Personal information
- Date of birth: 11 September 1924
- Place of birth: Todmorden, England
- Date of death: 30 November 2021 (aged 97)
- Position: Wing half

Senior career*
- Years: Team / Apps / (Gls)
- 1948–1952: Chester / 62 / (3)

= Peter Greenwood (footballer) =

English footballer and cricketer (1924–2021)

Peter Greenwood (11 September 1924 – 30 November 2021) was an English footballer and cricketer. He played as a wing half in the Football League for Chester and also played for Lancashire County Cricket Club from 1947 to 1952.

Greenwood was born in Todmorden playing cricket for the town side, before serving as professional at Kendal in 1947 before being engaged by Lancashire for the next season. He appeared in 75 first-class matches as a righthanded batsman who bowled right arm off break and medium fast pace.

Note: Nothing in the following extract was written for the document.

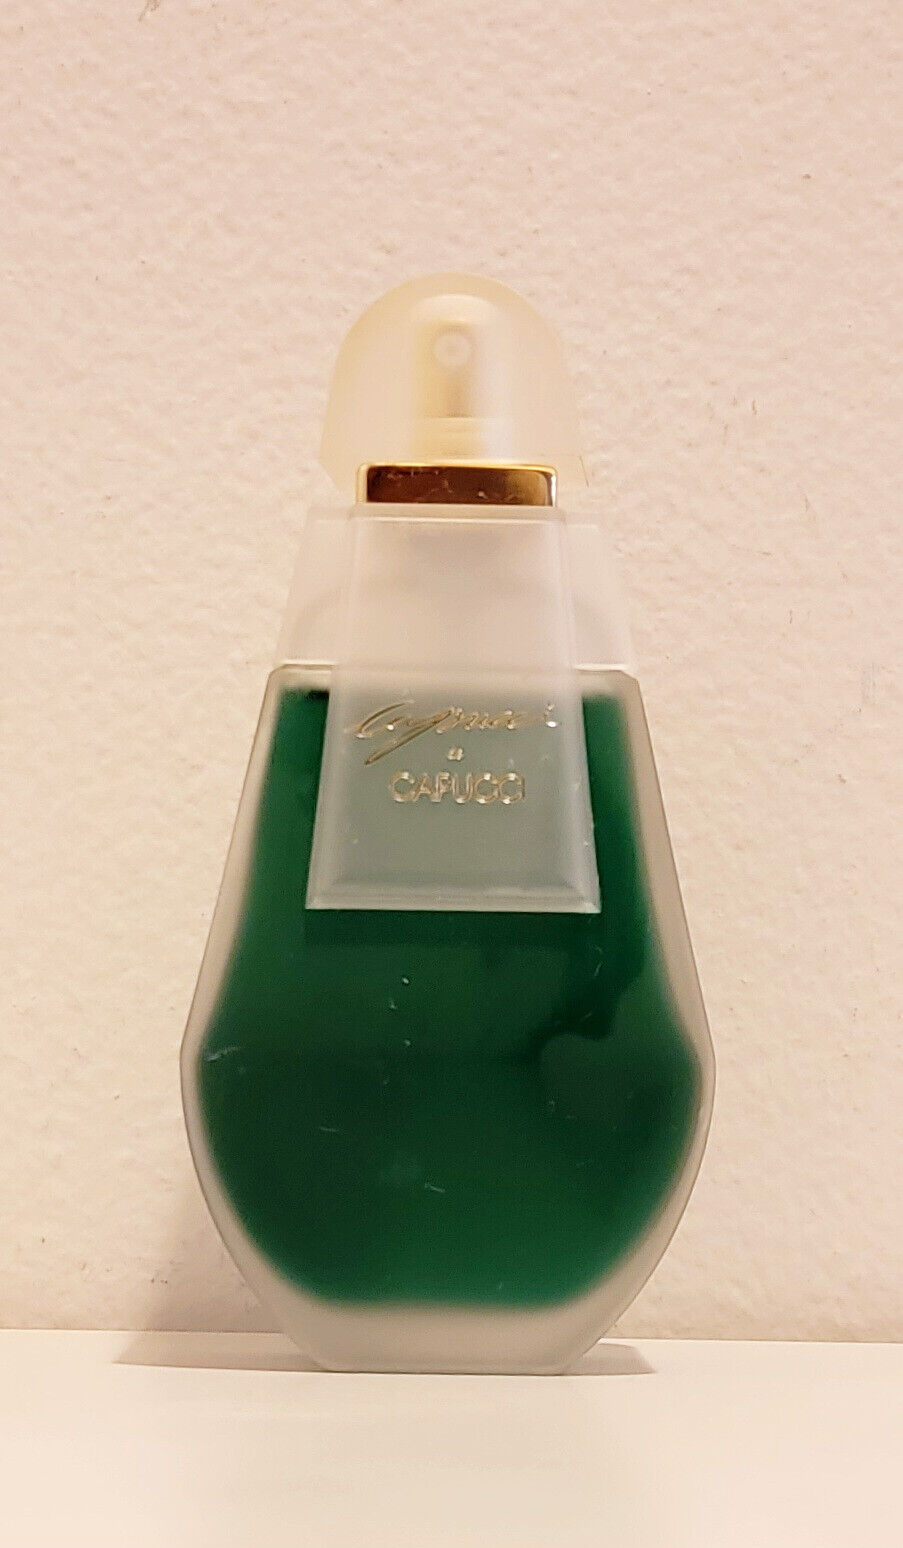 Capucci by Roberto Capucci 3.4 oz / 100 ml Eau De Jour cologne spray for women

He scored 1,270 runs with a highest score of 113 and held 21 catches. He took 208 wickets with a best analysis of six for 35.

After retiring from professional sport, Greenwood got a job working for Cheshire County Council. His wife of 56 years, Joan, died in 2007. Greenwood was interviewed about his career in 2009, at which point he was living in Upton-by-Chester. He died on 30 November 2021, at the age of 97.